The simple libertarian
answer to these questions usually goes something like, “owners of businesses
get to make their own business rules, and everyone else gets to move if they
don’t like the neighborhood.” But as
anyone who’s bought or sold a property knows, moving is much easier said than
done; and for many people it may not be economically feasible to live in a
neighborhood that manages to avoid, say, litter and tramps. So we have laws about littering, and we build
homeless shelters; and suddenly we’re living in a modern, liberal, pluralistic
welfare state.
The point is simply
this: the whole question of how I choose to live is not, never has been, and
never will be simply based on my own ability to choose my own way of life and
define my own concept of existence. Simply
by living I rub elbows with my neighbors; and indeed, the more pluralistic my
society, the more questions are going to arise as to how much of a right
I have to live my life the way I want to, because the more different my
neighbors and I are—the more pluralistic my neighborhood is—the more likely it
is that we will rub each other the wrong way.
(Disclaimer: In
actuality, I have nice neighbors. We all
happen to be fairly quiet. But it could
easily have been otherwise. A few blocks
down the street, for instance …)
So Stewart’s shade on
Hawley—whatever its justification in his specific case—is actually rather
dangerous. It suggests that the easy solution
to the problems of the republic is for everyone to live and let live. Maybe, if life is kept tamped down to a few
very basic details. But as soon as you
think about the things we crazy human beings actually want to do, it becomes
apparent that the problem is not that we all might be too religious. It’s that we might not be religious enough to
love our neighbors, and treat them well, despite the fact that we all have
different definitions of existence and different modes of life.
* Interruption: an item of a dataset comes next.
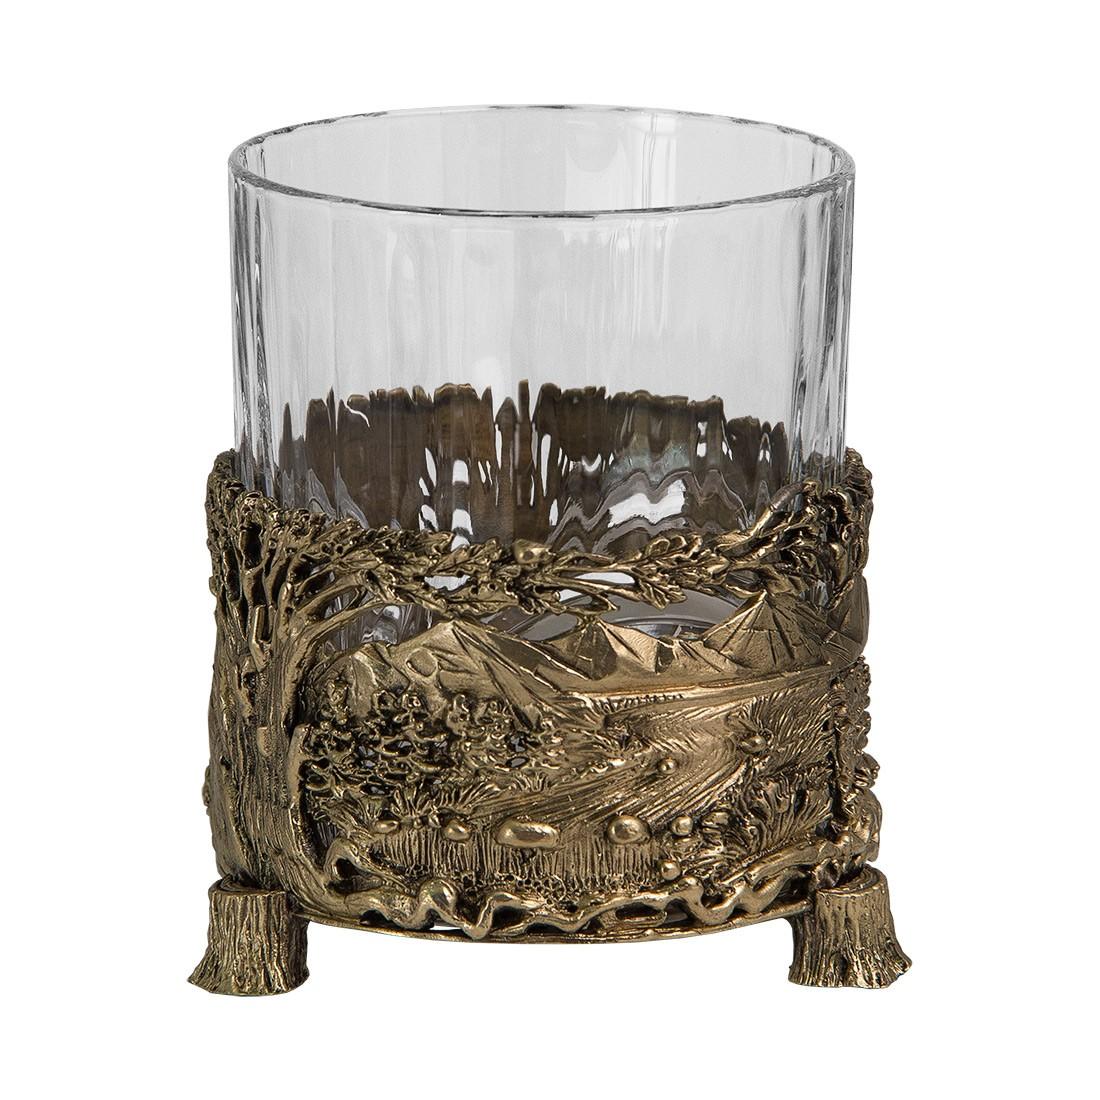 Бокал для виски «Медведь» с камнями в деревянном футляре
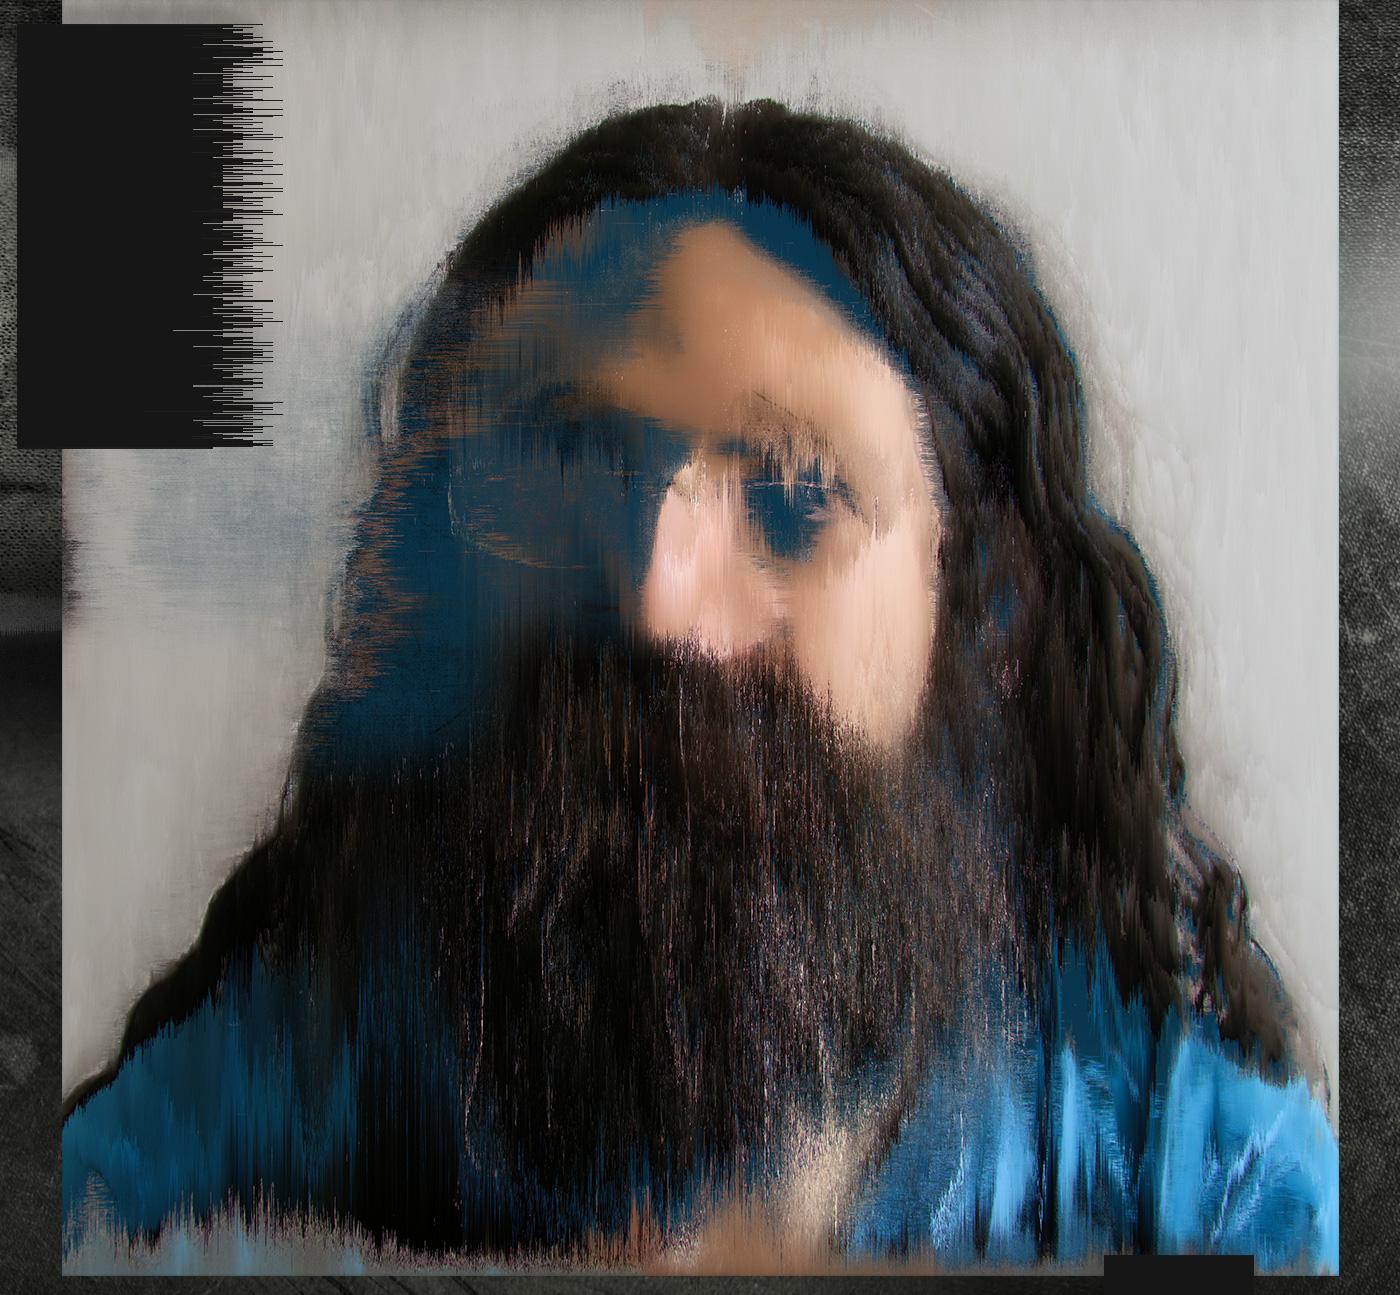 portrait pixel sorting datablending Glitch Renaissance Cyberpunk

Blog linkup here!: https://rosie-ablogformymom.blogspot.com/2021/01/just-because-new-linkup.html
2 comments:
I enjoyed reading this! It calls to mind the faulty reasoning of the pro-choice crowd: Don't like abortion? Don't have one!
Attempt to apply the same reasoning to gun ownership, mandatory vaccination, or any criminal activity, and nobody takes you seriously. Imagine!
Oy. Yes, the "don't like it, don't do it" argument might be an actual logical fallacy!